# What should I do to my baby?



## HerFavColorIsChrome (Mar 12, 2005)

Im sure you all know what the 86 Sentra looks like. I know it's old but I love my little car, I just dont really know what to do to it to make it look like *MY* car yaknow? I havent had much experiance with body stuff so, act like your talking to a 4 year old lol. Any Ideas would be much appreciated, Since I dont know what I can do to it I figured you guys could give me a starting point. Tons of love and thanks alot! :thumbup:


----------



## 7875 (Apr 3, 2003)

Hi, welcome. 


There are plenty of ideas, this site is full of them. First things first, the code for your chassis (86-90 Sentra) is B12 so you'd probably like to look around in our B12 section. Also you will be able to see many other modified B12's in the Member's Ride section where you can see the finished product. And remember, the search button is your best friend. :thumbup:


----------



## HerFavColorIsChrome (Mar 12, 2005)

so just search for b12 kits?


----------



## wildmanee (Nov 21, 2004)

Don't go with a body kit, roll with some minor cosmetic enhancements like headlights, grilles, wheels, etc.. Then go for a nice new paintjob. I mean hey, it's your car, do whatever you want with it, but I'd try to stay simple and classic and clean.. Then again, that is my taste, not yours


----------



## pete? (Jul 6, 2004)

do they even make kits for a b12? and would that even look right? i cant imagine how that would look, its just that the body style is so boxy and all the body kit styles out there would just be wayyyyyyyy to over the top for it. like said before just do minor enhancements. i think a b12 with the B14 SE-R wheels and a fresh (red, jet black, metalic grey) paint job would look amazing.


----------



## HerFavColorIsChrome (Mar 12, 2005)

Lol, god my car is so old! Well I only paid $750 and it runs great. Really no body damage or dings or *too* many scratches. So a lil bit a paint and some new weels would look great I think. Thanks for the help!


----------



## pete? (Jul 6, 2004)

dont get down on your car, it may be old but with some TLC it can look amazing, the best way to get a good look out of it is to put a fresh coat of paint on, and leave the rest. clean up the interior, get some custom seats (tastefull) and all that good stuff. also, on an older car you never want to get big wheels, have you ever seen a 510 with big ol chrome wheels? i have seen many a dime with 13-15 inch wheels and they look great because the wheel wells were cut small.

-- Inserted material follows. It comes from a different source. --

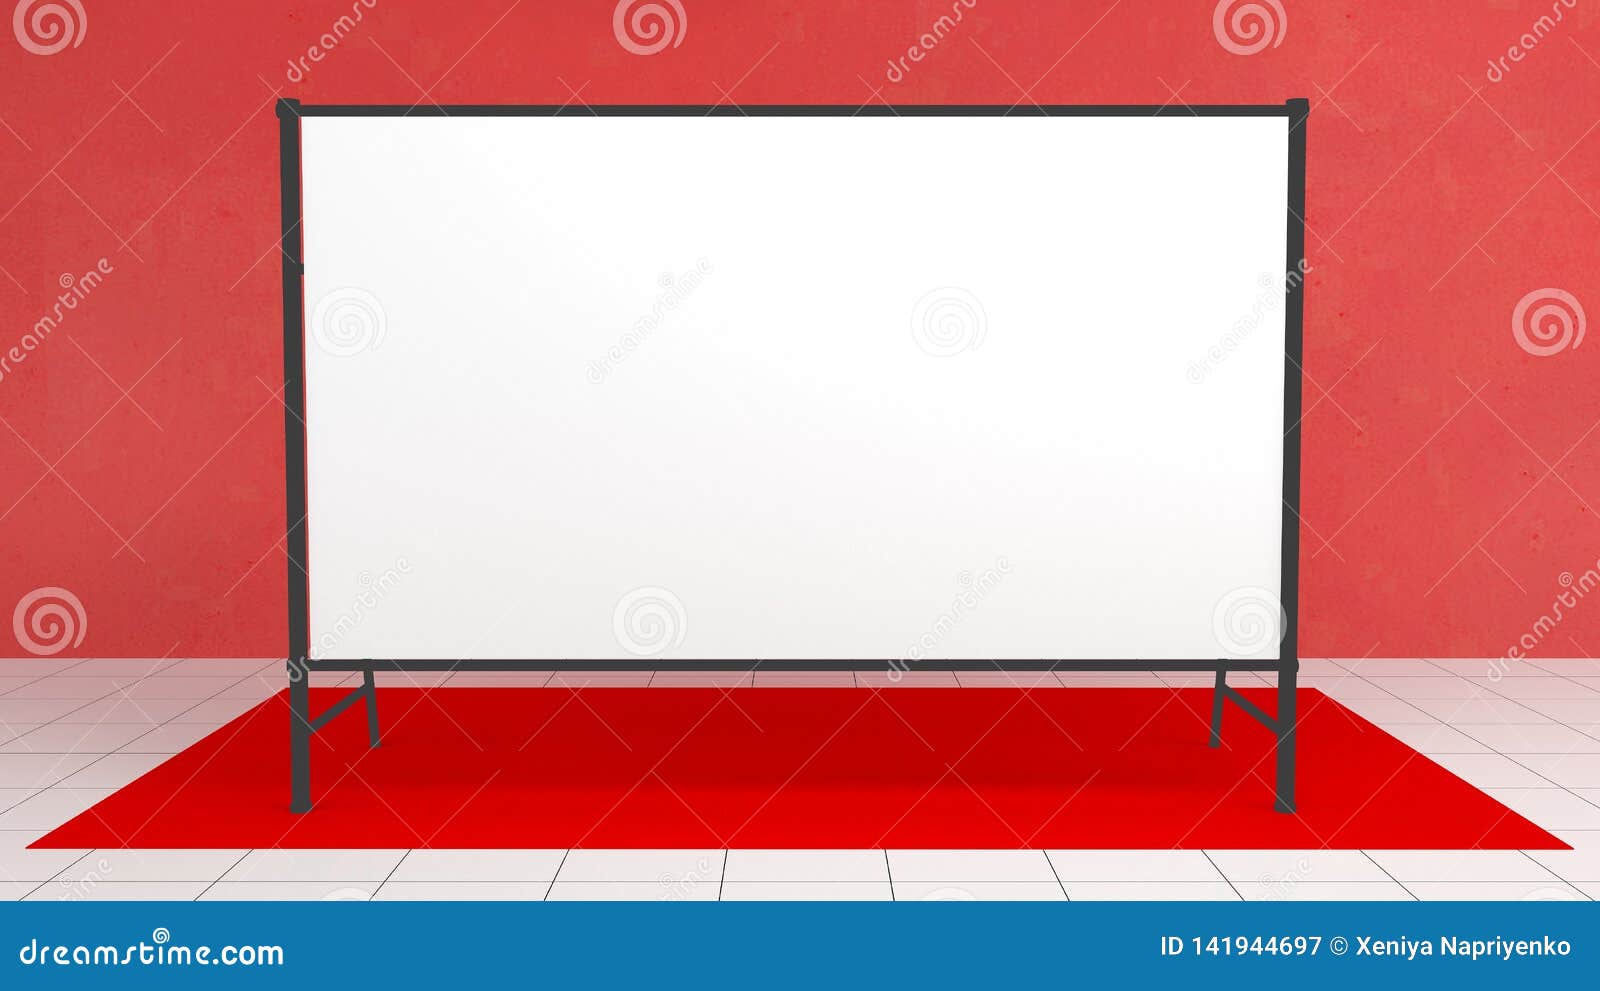 Download Backdrop, Press Banner 2x4 Meters With Red Carpit. 3d Render Template. Mockup Stock Image ...

^ that is a b12 wagon, remove the rear hatch part and you have your car....tell me that isnt amazing. :thumbup:


----------



## RBI*04 (Sep 10, 2004)

keep the body completely stock, and restore it to 110% of nissans specs, then paint it a nice black or gunmetal color and add tinted windows and b14 SER wheels with a mint drop  and you, my friend, are set


----------



## Radioaktiv (Feb 12, 2004)

^agree 100%

no kit, please


----------



## HLBulldog (Mar 12, 2003)

you can add paint? how much would that cost? I concur, an old car w/ a nice clean paint job is so impressive, and tasteful wheels are nice to, fill up the wheel well, don't cram it, especially on older cars, like 1.6pete said


----------



## wildmanee (Nov 21, 2004)

A decent paintjob costs anywhere from $1000-3000, and I'd say that HerFavColorIsChrome's car is probably in the low 1500 range... correct me if I'm wrong.


----------



## pete? (Jul 6, 2004)

you could always get a macco paint job, your not trying to win shows, just freshen it up.


----------



## HerFavColorIsChrome (Mar 12, 2005)

Wow, the lil hatchback dose look great, lol I just dont want my friend makein fun of my car! I know a few guys around town who'd give me a good discount on my pain job, I think Im gonna shine the weels up a bit, see if they are okay or not. They look okay but that under layers of dirt, the chick i bought it from did not know how to take care of it. :loser: anway thanks guy!


----------



## pete? (Jul 6, 2004)

HerFavColorIsChrome said:


> Wow, the lil hatchback dose look great, lol I just dont want my friend makein fun of my car! I know a few guys around town who'd give me a good discount on my pain job, I think Im gonna shine the weels up a bit, see if they are okay or not. They look okay but that under layers of dirt, the chick i bought it from did not know how to take care of it. :loser: anway thanks guy!


what are the wheels? are they metal(no paint)? or are they painted silver?


----------



## HerFavColorIsChrome (Mar 12, 2005)

Metal and the ones that came with it when it was bought, just hubcaps. Ugly as sin


----------



## pete? (Jul 6, 2004)

lol, caps arent wheels :thumbup: try to pick up a set of b14 (95-99 sentra) se-r wheels. like the one in the pic i posted has. they will look amazing. if you paint your car, what color would it be?


----------